RE:RE:Thyroid cancerI remember a conversation with THTX management, some time ago so the details of my memory may not be accurate, but what I believe they said at that time was Thyroid cancer was included because it had very high sortilin expression in their lab tests. It was a very small market size but if they could prove out their concept with it, thay might just run with it and seeif they could get that indccation over the FDA approval finish line first.
qwerty22 wrote: 1) Why would you trust a random 3rd party website like this? Go to the source. The clinicaltrials website doesn't mention anaplastic thyroid cancer.

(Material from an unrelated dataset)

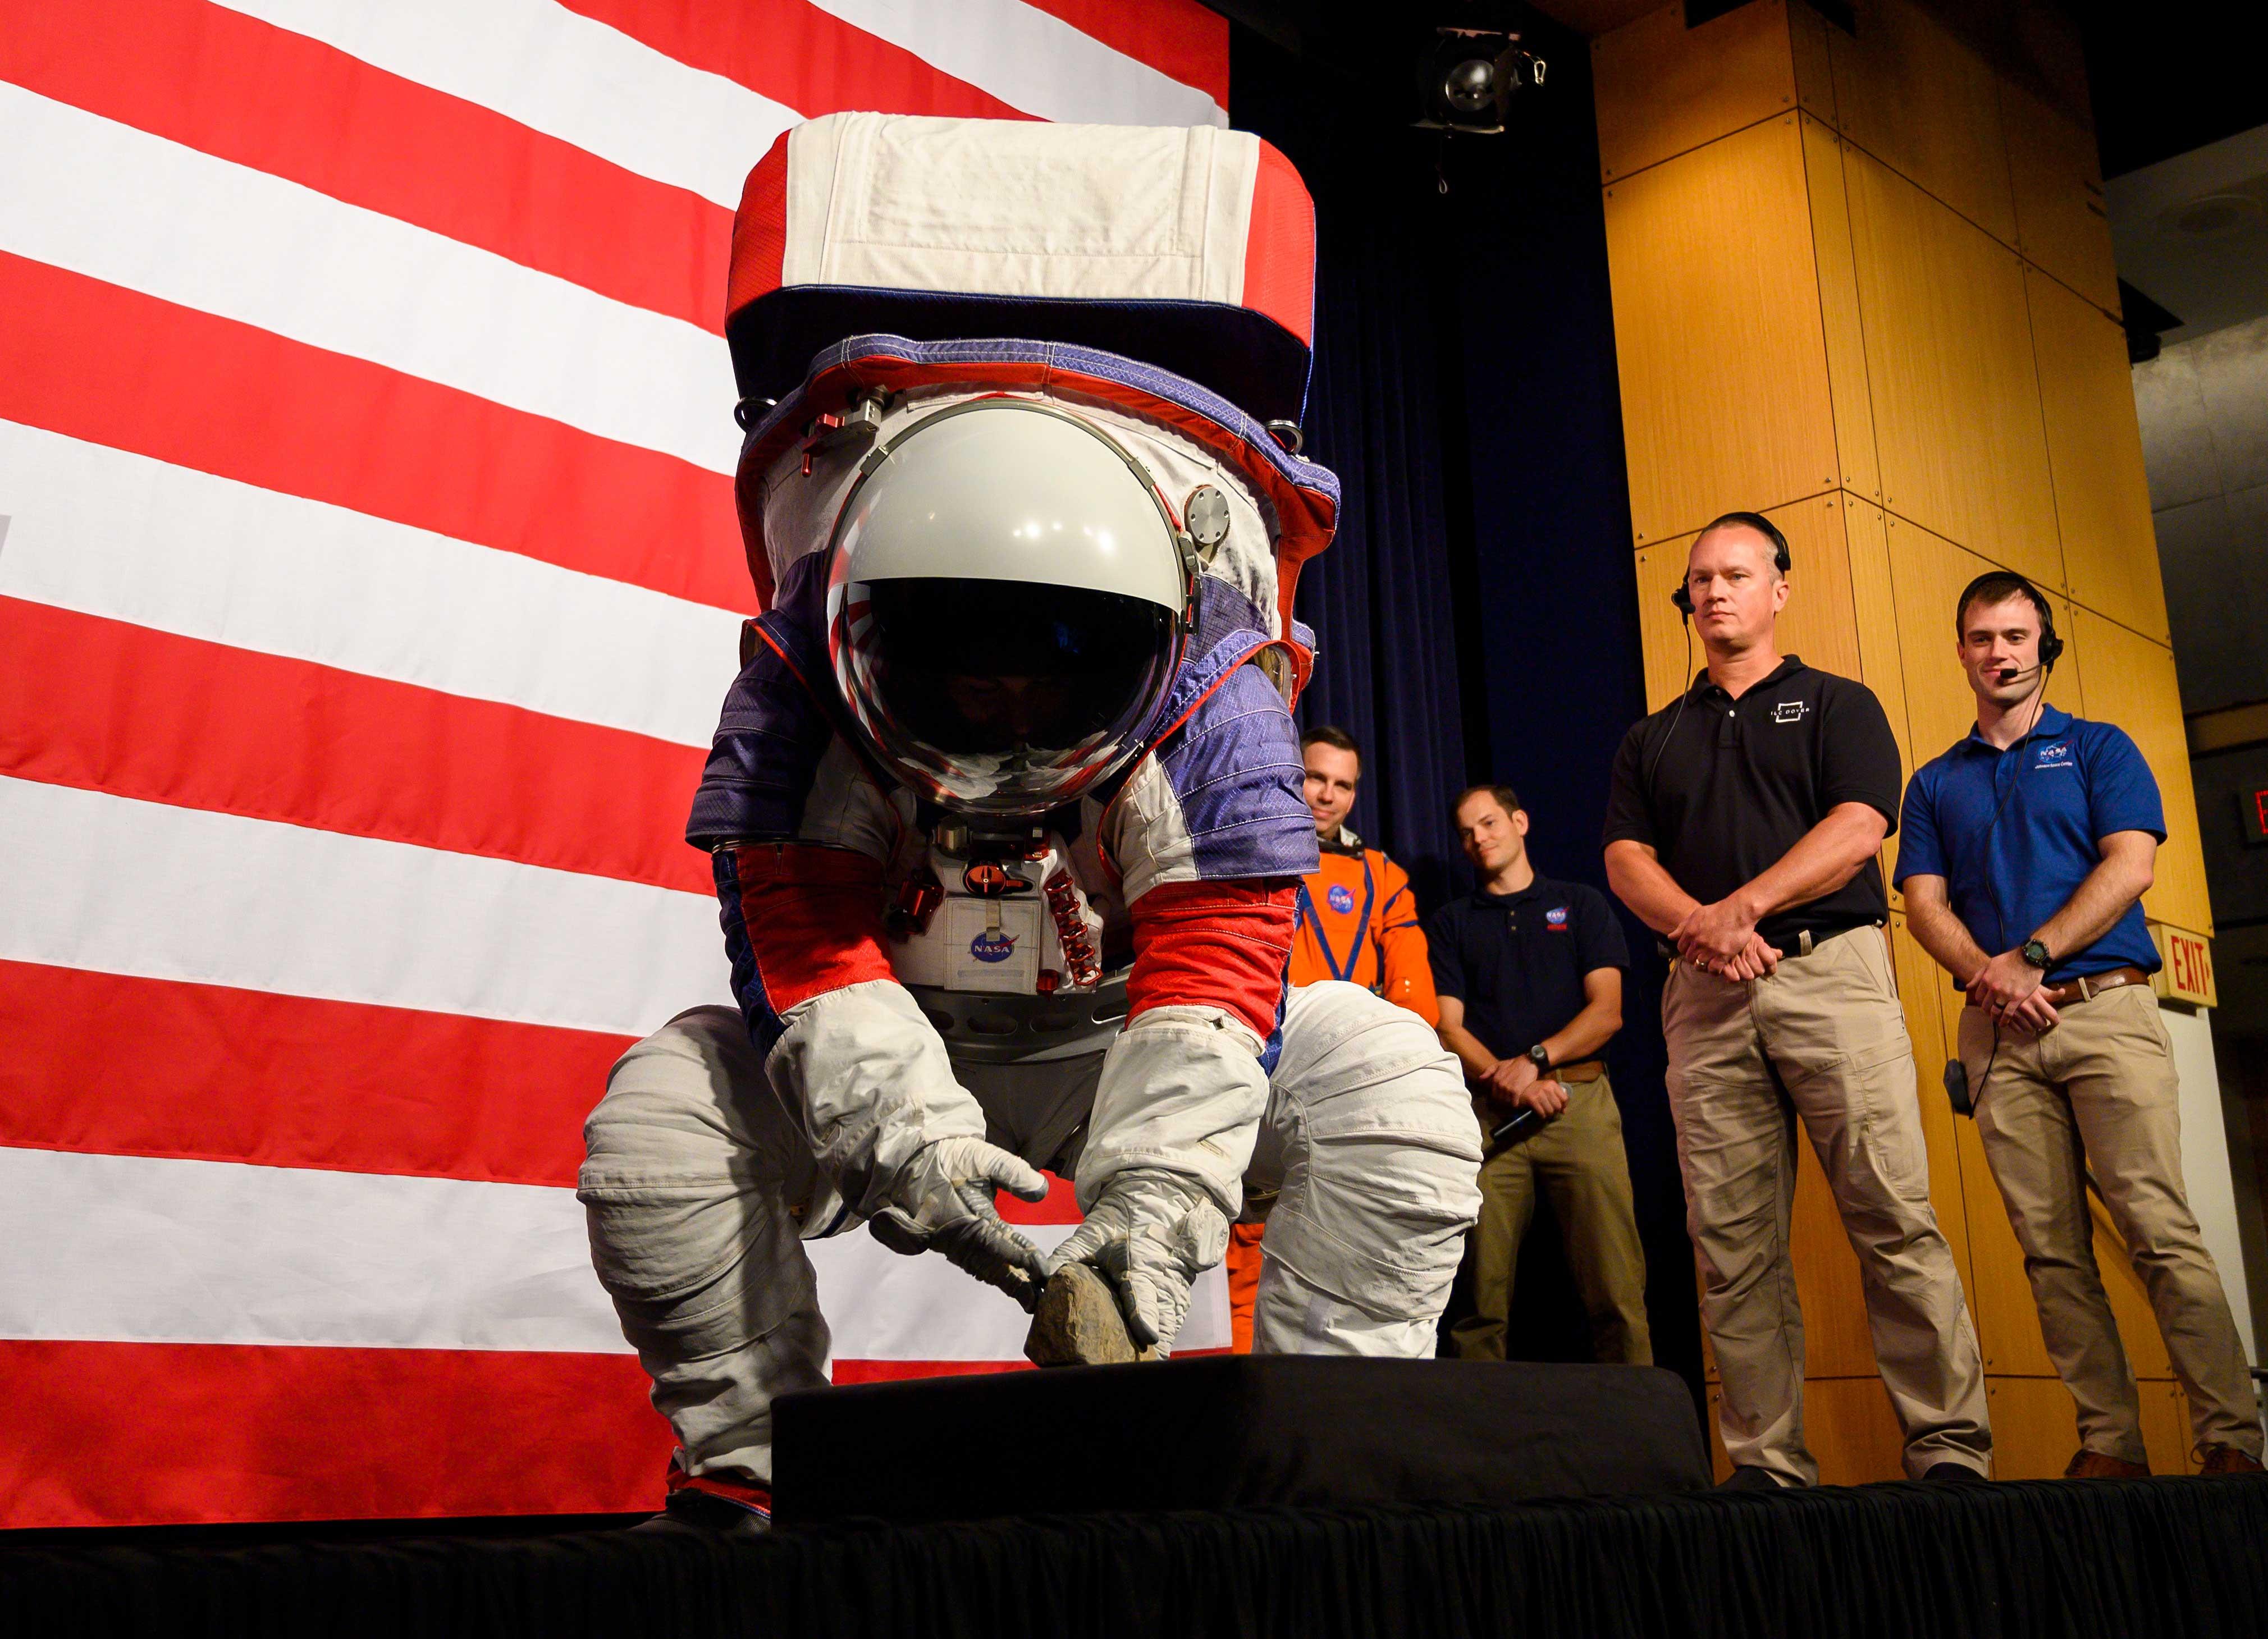 Y como ha demostrado la ingeniera Kristine Davis, los astronautas tendrán mucha más libertad de movimiento: podrán alzar los brazos por encima de la cabeza, lo que no era posible con los trajes Apollo; también podrán agacharse fácilmente para recoger rocas lunares, sin arriesgarse a perder el equilibrio y caer (AFP)

2) Read a bit deeper. Metastatic thyroid cancer has a Sortilin hit rate of 40%. Still not very higher but much better than the headline numbers. This cancer is in the basket arm. That means lower priority. It means sharing 20 recruitments with other cancers. Let's say they recruit 5 metastatic TC patients. There a good chance they hit 1 or 2 Sortilin expressors. At this stage that might be all they need to get a very early indication.
3) You have to understand IHC is not a quantitative method. It's fine within the boundaries of these experiments to set arbitrary numbers for the levels of Sortilin expression to compare between samples but it doesn't transfer over to other experiments all that well. Nobody has any idea what th1902 needs in terms of Sortilin expression to work. Taking one researcher's definition of over-expression and trying to paste it onto what th1902 needs is just bad science. JFM doesn't seem to understand this.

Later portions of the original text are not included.